Isso foi demais para minha interlocutora. Indignada, talvez ofendida com esse fato - não era sequer um argumento: era um fato -, minha amiga abruptamente deu por encerrada a nossa conversa. Não perderia mais tempo debatendo com alguém como eu, que vou contra tudo aquilo que ela tem em alta estima etc. Ainda por cima - isso foi o que mais me chamou a atenção -, eu teria uma "agenda política retrógrada" (!). Passar bem.

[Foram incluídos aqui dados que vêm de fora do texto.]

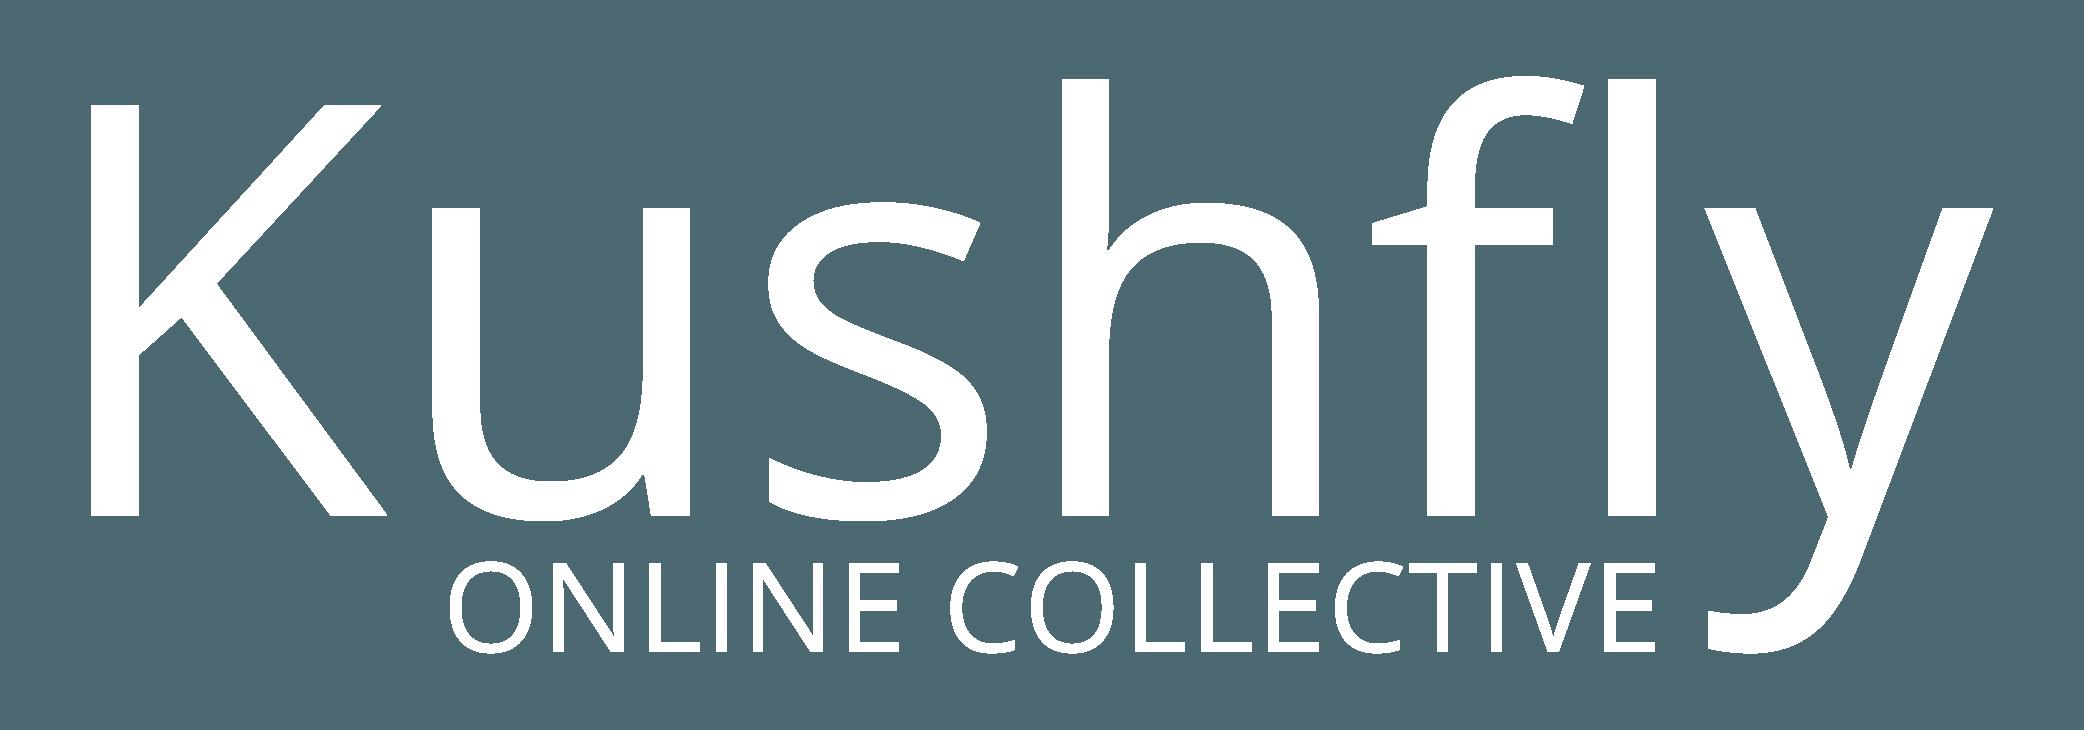 Kushfly Online Collective

Confesso que aquela conversa - ou melhor: a forma brusca e inesperada como terminou a conversa - me deixou meio atordoado. Nem tanto pelo fato de ter sido chamado de "retrógrado" (sendo um crítido contumaz das fórmulas e dogmas marxistas, já estou acostumado a ser chamado de coisa pior), mas porque, pela primeira vez, alguém disse que eu tinha uma "agenda política". Agenda política, eu?, fiquei pensando. Mesmo depois de ter escrito isso aqui: http://gustavo-livrexpressao.blogspot.gr/2010/04/individuo-nao-manada.html?
Mas voltemos ao adjetivo infame, "retrógrado". Por que fui brindado com o epíteto? Porque achei estranho, para dizer o mínimo, que tantos autoproclamados ateus preferissem dirigir suas baterias contra o cristianismo, deixando de lado o Islã. Porque tantos ateus, sobretudo na Europa e nos EUA, onde proclamar-se ateu virou uma espécie de modismo, se comprazem em atirar lama no Papa ou em pastores evangélicos, cujos ensinamentos ninguém está obrigado por lei a seguir, ao mesmo tempo em que costumam silenciar sobre barbaridades cometidas em nome do Islã, sobretudo em alguns países islâmicos, onde essa liberdade não existe.
Ou seja: sou um retrógrado, ainda por cima com uma agenda política, porque defendo os direitos dos gays e das mulheres no Irã e na Arábia Saudita. Mais: sou um retrógrado, um reacionário e um fascista porque - vejam que absurdo! - tenho a ousadia de defender os direitos de minorias religiosas (no caso, os cristãos nos países do Oriente Médio). Sim, sou um bandido, um canalha, um assassino, porque defendo o direito à livre expressão e à existência de quem pensa diferente de mim. Já aqueles que critico, os ateus do tipo Noam Chomsky e Tariq Ali, são democratas e progressistas porque não dizem uma palavra sobre isso. Não é fantástico?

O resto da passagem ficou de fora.